All the logs are displayed. You can filter the logs by user and date.
-
To filter the logs by user ID, type one or more of the starting characters in the search box. You can include letters or numbers.
STA displays the logs only for user IDs that start with those characters.
-
To filter the logs by date, enter the Start Date or End Date.
The date filters use only dates (such as 2019-04-25) and exclude the time of day. The date filters use your local time zone, based on the time zone setting in your browser. The default is a 90-day period.
-
The default start date is 90 days before the current date. The start date can be any time up to and including the current date.
-
The default end date is the current date. The end date can be the same as or later than the start date.
-
-
To switch the Timestamp column between Local Time and UTC Time, use the view selector:
Local Time is based on the time zone setting in your browser. This view selector affects only the timestamps and does not affect the Start Date and End Date filters, which always use your local time zone.
-
To add a Results and Reasons or an Applications filter, select the Add Filter icon, and then select a filter.

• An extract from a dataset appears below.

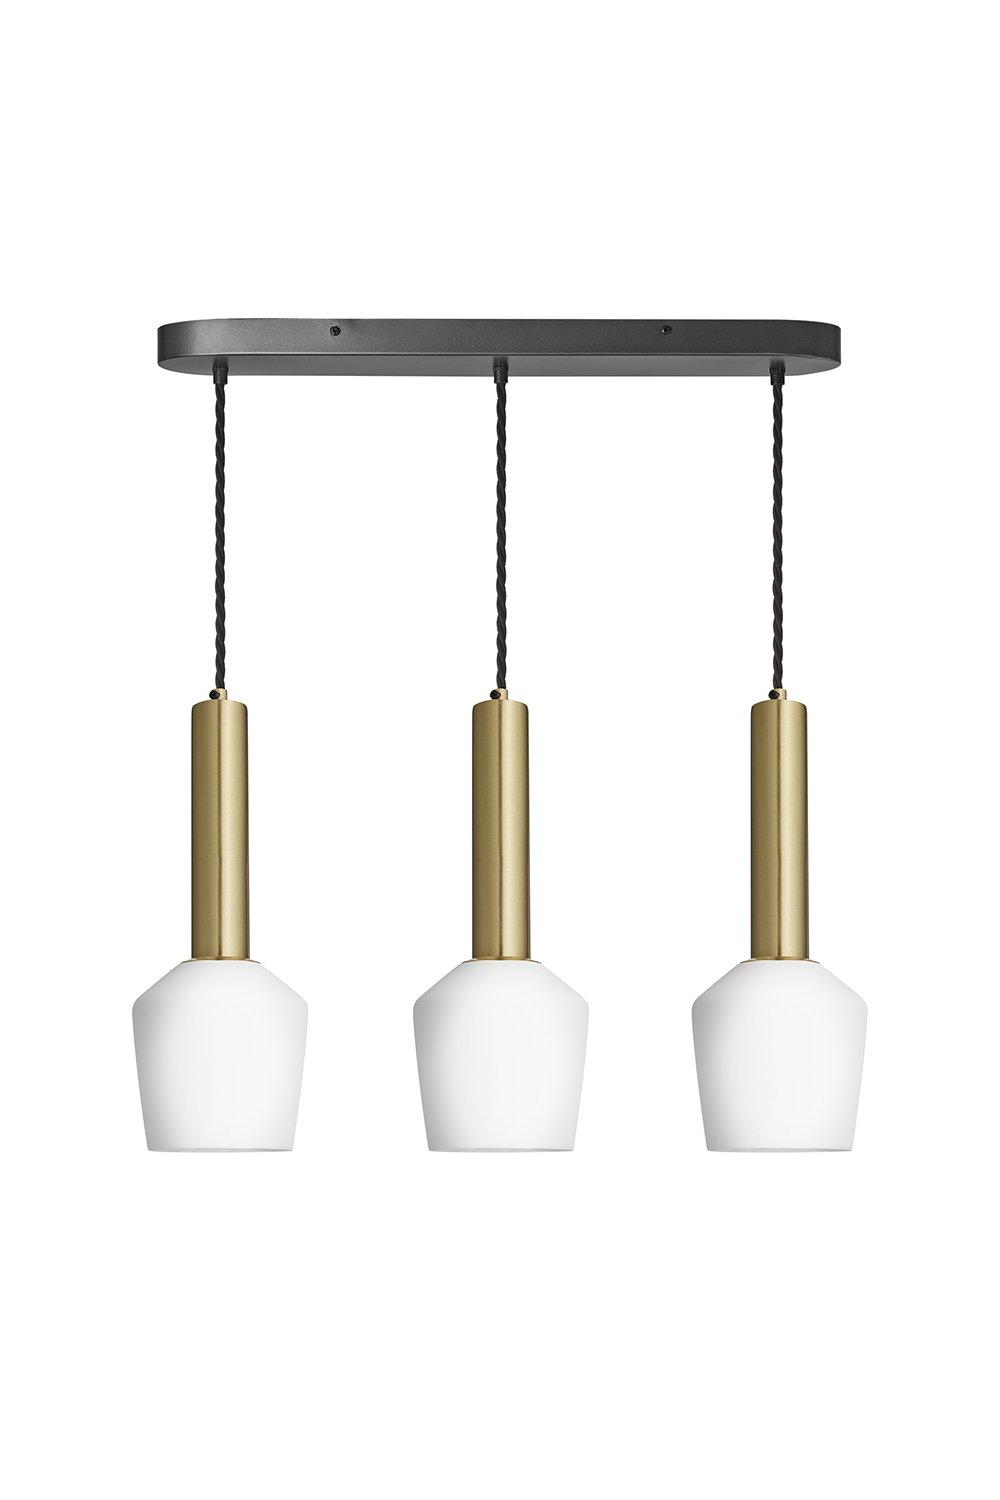 Sleek Cylinder Opal Glass Schoolhouse 3 Wire Oval Cluster Lights, 5.5 inch, White, Brass holder

The list of Results and Reasons or Applications includes only reasons or applications for which there are logs after any other selected filters are applied (user, date, results and reasons, or applications).
-
Add more filters as needed.
-
To update the list of logs without resetting the filters, select Refresh the logs:
Review the access log fields
Authentication events in access logs
If an access attempt was followed by authentication events, then the logs include each associated authentication event as a child of the access attempt.
When you filter the access logs, the filtered results include any associated authentication logs that meet the filter criteria.
-
To view an associated authentication event, expand the access attempt entry. You can expand multiple access event entries at the same time.

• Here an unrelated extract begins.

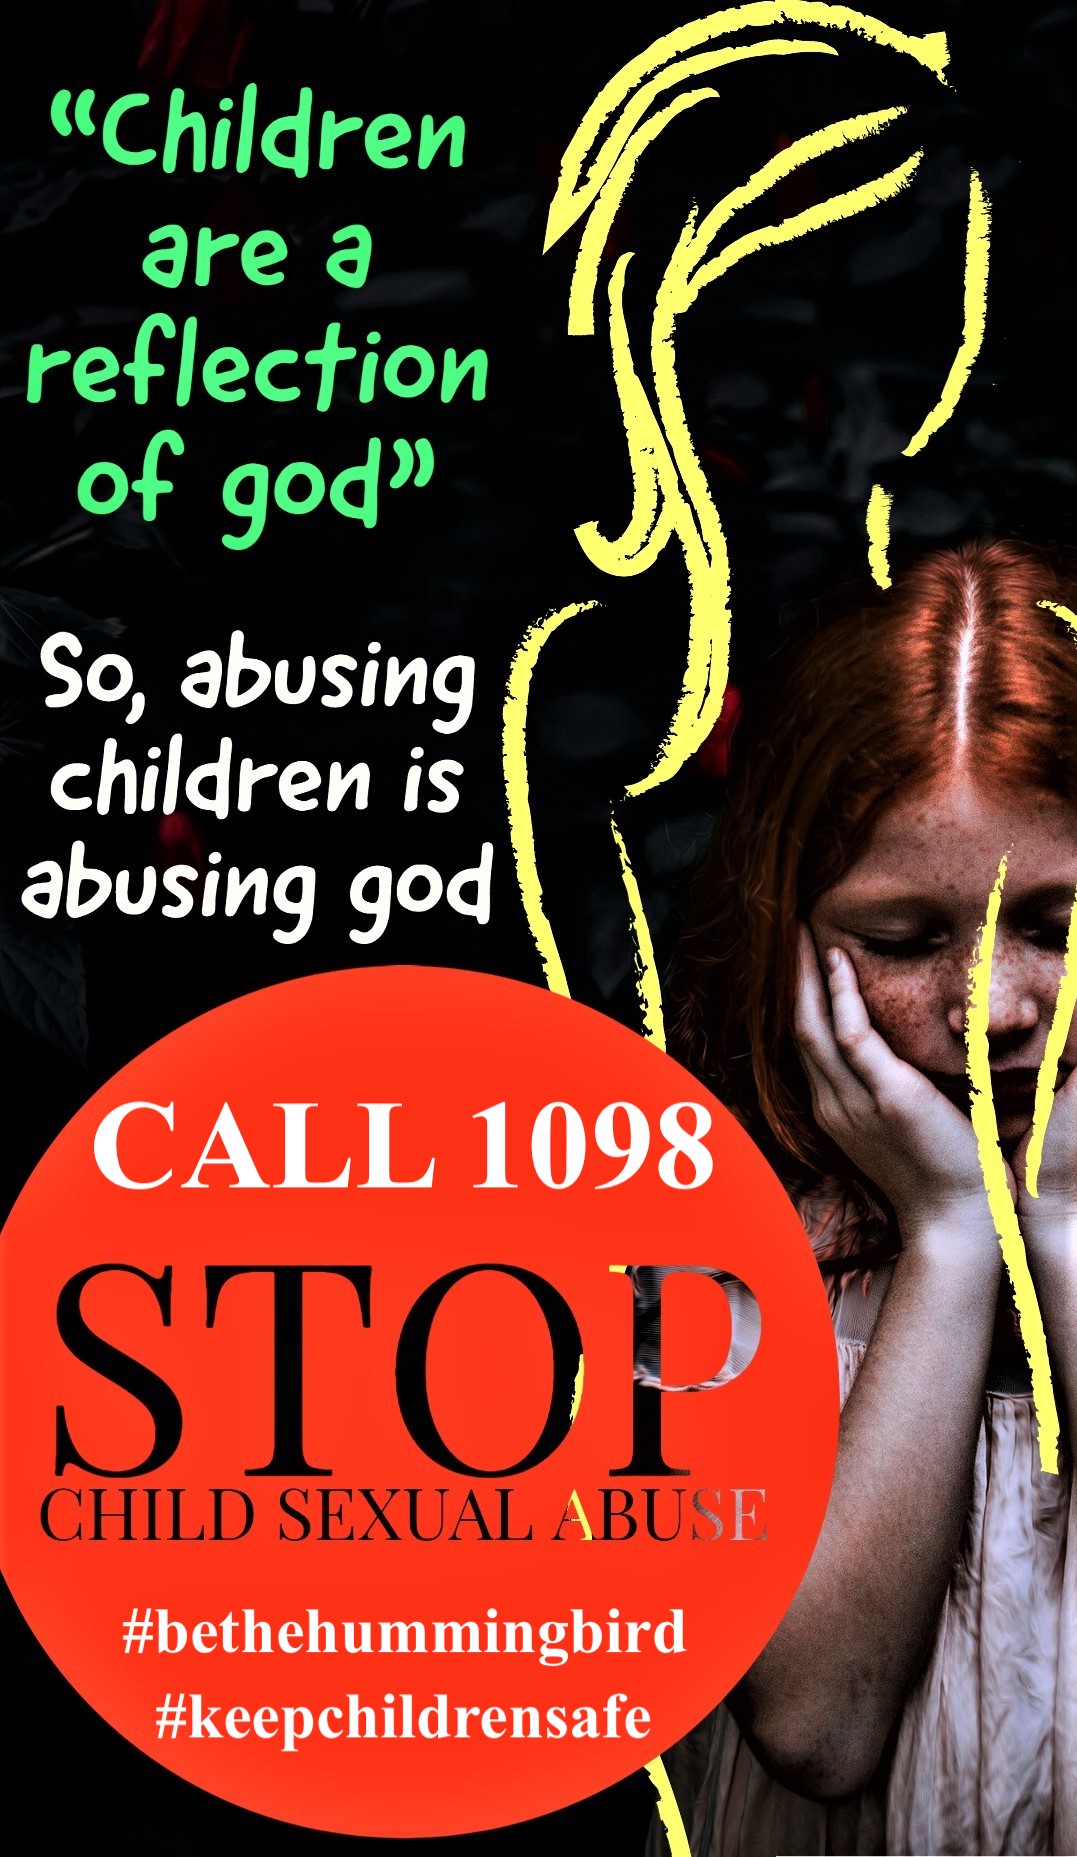 child-sexual-abuse-poster.jpg

You can also view the authentication events in the Authentication Activity module in the STA Token Management console.
-
To view all the authentication events for the user, in the Extended Features menu, select Snapshot > Authentication Activity.
Export the access logs
You can export the logs to a CSV file. The scope of the exported logs is constrained by the filters that are set when you export the logs.
The exported CSV log file includes both the access log entries and their associated authentication logs entries. In the exported file, the authentication logs entries are grouped with their parent access log entries. An access event identifier is included in the exported file, but is not displayed on the STA Access Management console. The access event identifier relates an authentication log entry with its parent access log entry.
From the STA Access Management console, you can export a maximum of 10,000 access logs, including all of the associated authentication events. This means that, although the number of top-level records is limited to 10,000, the number of rows can vary. To export a larger number of logs, use the logs API.
-
Filter the logs as required.
-
Select Export.
The Export Access Logs to CSV dialog box displays a default file name and a list of the data that is included in the log.